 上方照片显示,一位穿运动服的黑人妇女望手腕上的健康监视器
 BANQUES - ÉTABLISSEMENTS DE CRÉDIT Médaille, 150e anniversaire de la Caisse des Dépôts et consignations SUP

##############################

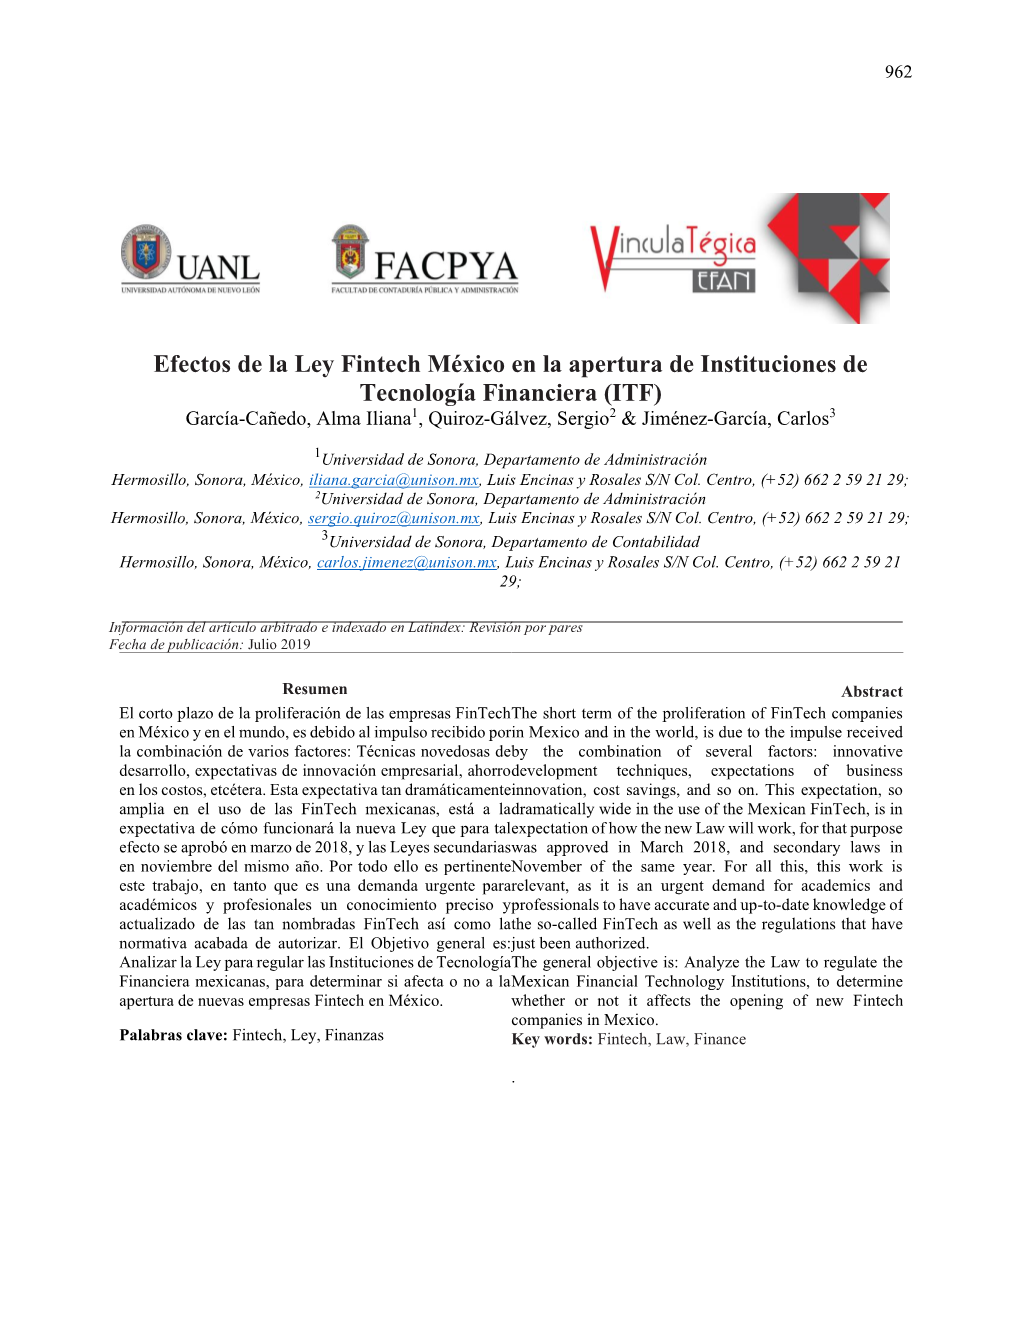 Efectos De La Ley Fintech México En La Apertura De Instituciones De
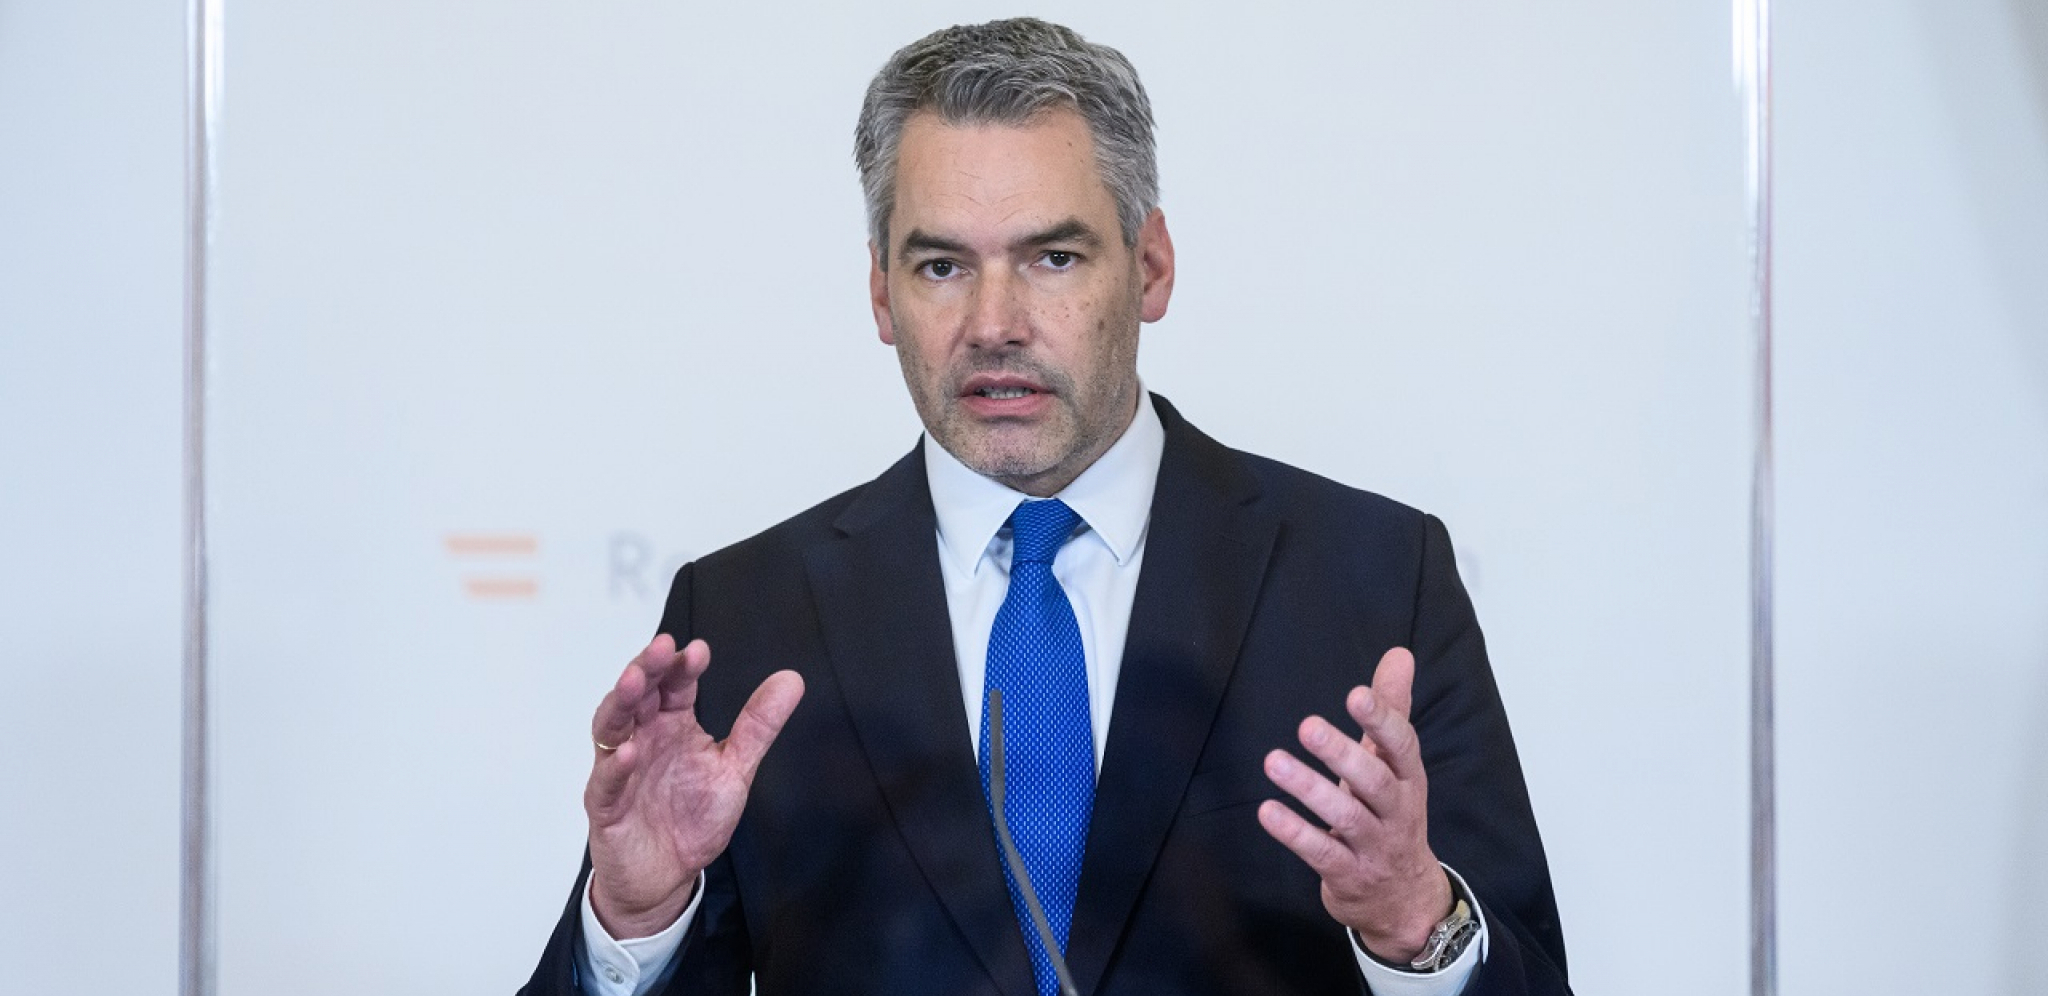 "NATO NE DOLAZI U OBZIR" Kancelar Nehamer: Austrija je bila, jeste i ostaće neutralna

##############################

> **Task prompt**
The copy should hold exactly the lines above from the one with "Efectos De La" through the one with "i ostaće neutralna", both ends counted, and no pictures at all.

> **Written response**
 Efectos De La Ley Fintech México En La Apertura De Instituciones De
 "NATO NE DOLAZI U OBZIR" Kancelar Nehamer: Austrija je bila, jeste i ostaće neutralna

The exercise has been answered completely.